Although the same fusion reaction resulted in nitrogen and oxygen, their origins are thought to be slightly different. Oxygen was created from helium inside the short-lived stars, which existed shortly after the Big Bang. Therefore, oxygen was likely already present in the early universe. On the other hand, most nitrogen was produced by a chain of fusion reactions containing carbon and oxygen inside a relatively long-lived star. Therefore, researchers believe that nitrogen came into existence later than oxygen. Moreover, the detection of nitrogen emitted by a galaxy 12.9 billion years ago suggests that stars have born and died repeatedly to produce heavy elements even before that. 

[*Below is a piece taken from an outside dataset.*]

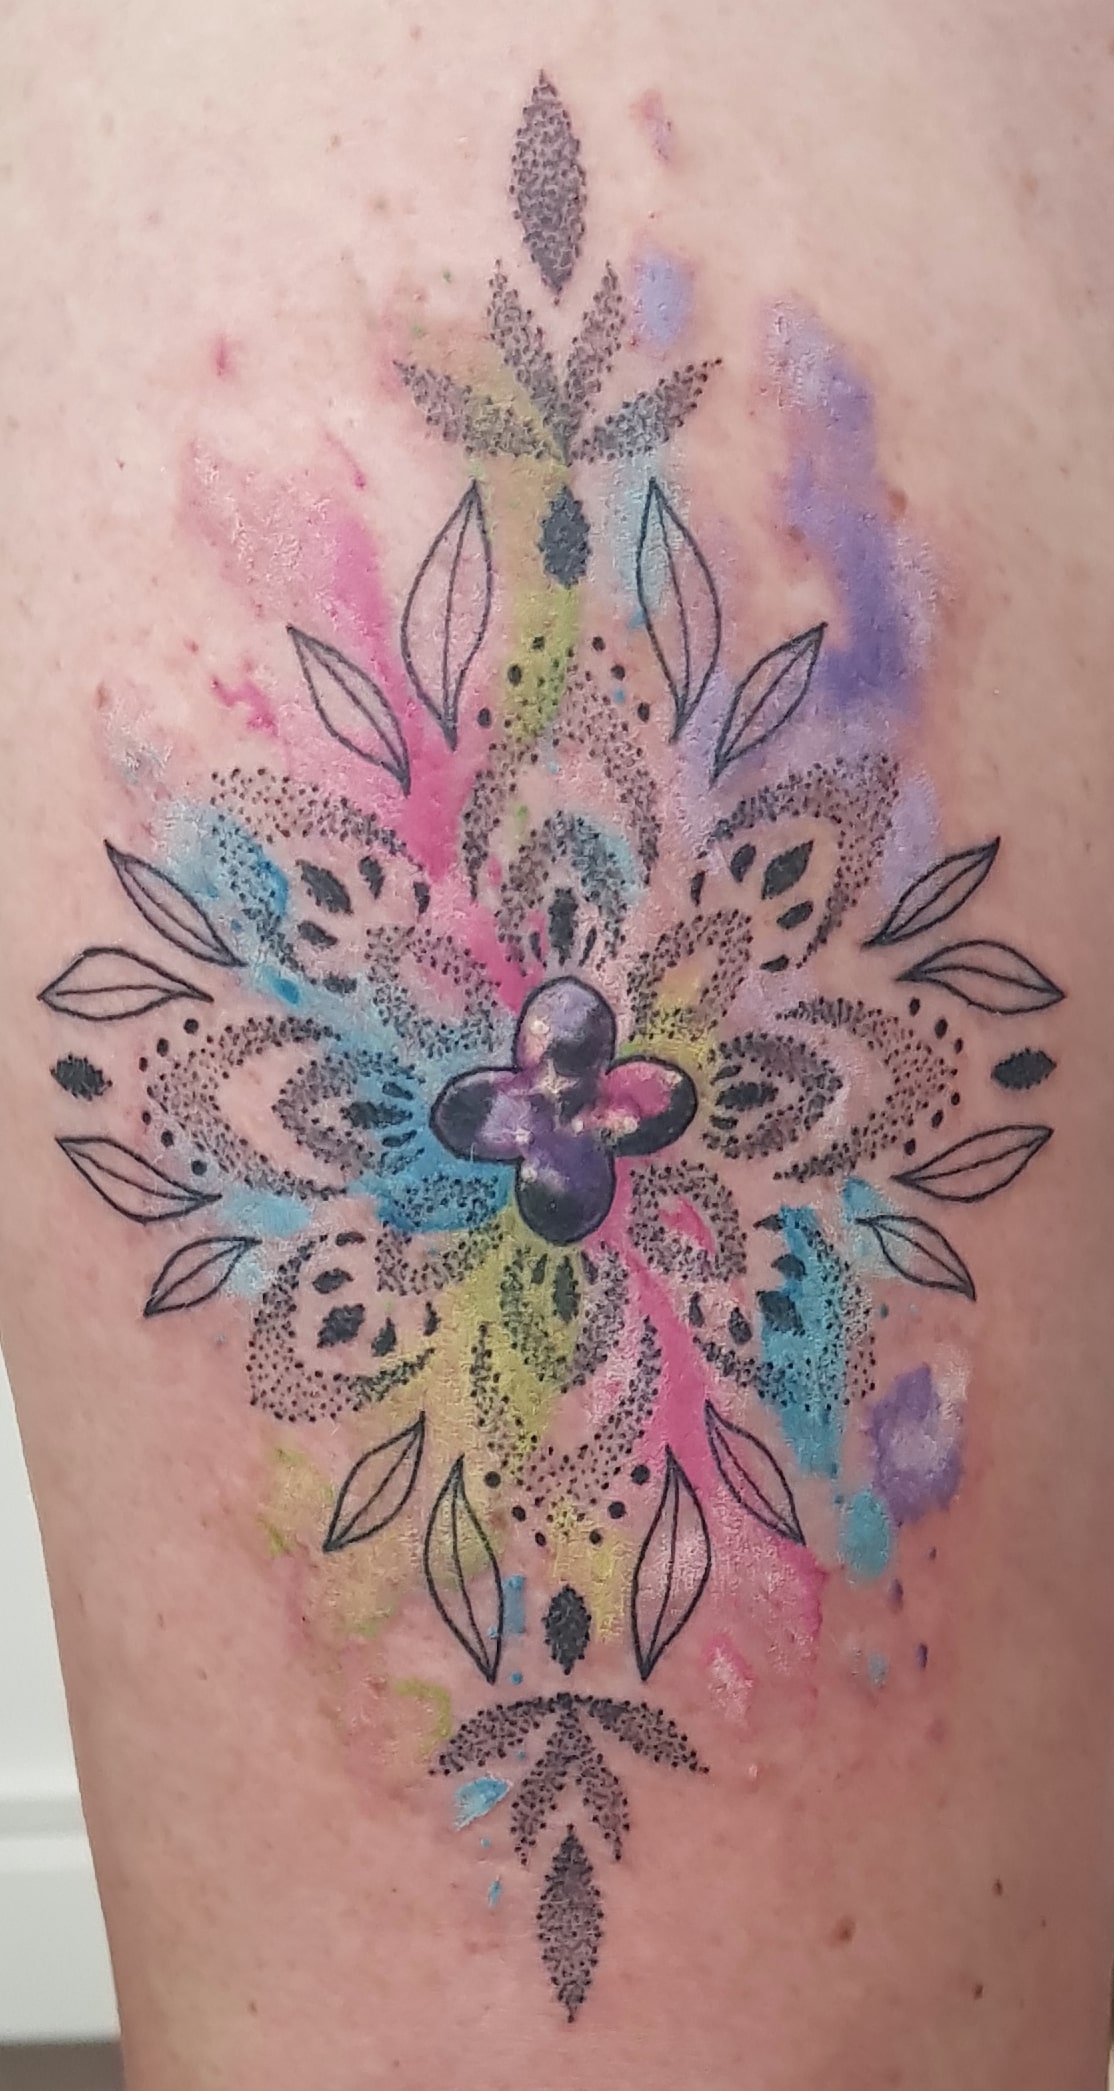 Ornamental watercolor style tattoo on the right

To understand the evolution of galaxies during the 13.8-billion-year history of the universe, it is important to observe galaxies at various times and examine the amounts of heavy elements. While several recent studies have reported the detection of oxygen in galaxies in the early universe, nitrogen was barely detected owing to its weak signal.

In this study, by using the highly sensitive ALMA and the natural amplification effect by gravitational lenses, the team successfully captured radio waves of oxygen and nitrogen, as well as carbon monoxide and dust, from a galaxy that existed 12.9 billion years ago. The image captured by ALMA is split into two arc-shaped objects created due to the gravitational influence of the foreground galaxy. Stronger radio emission of nitrogen than oxygen implies a large abundance of heavy elements due to multiple generations of birth and the death of stars. Assuming that the empirical laws in the present universe hold true in the early universe, the observed nitrogen-oxygen intensity ratio suggests that approximately 50–70% of the heavy elements in the current solar system were already present 12.9 billion years ago. 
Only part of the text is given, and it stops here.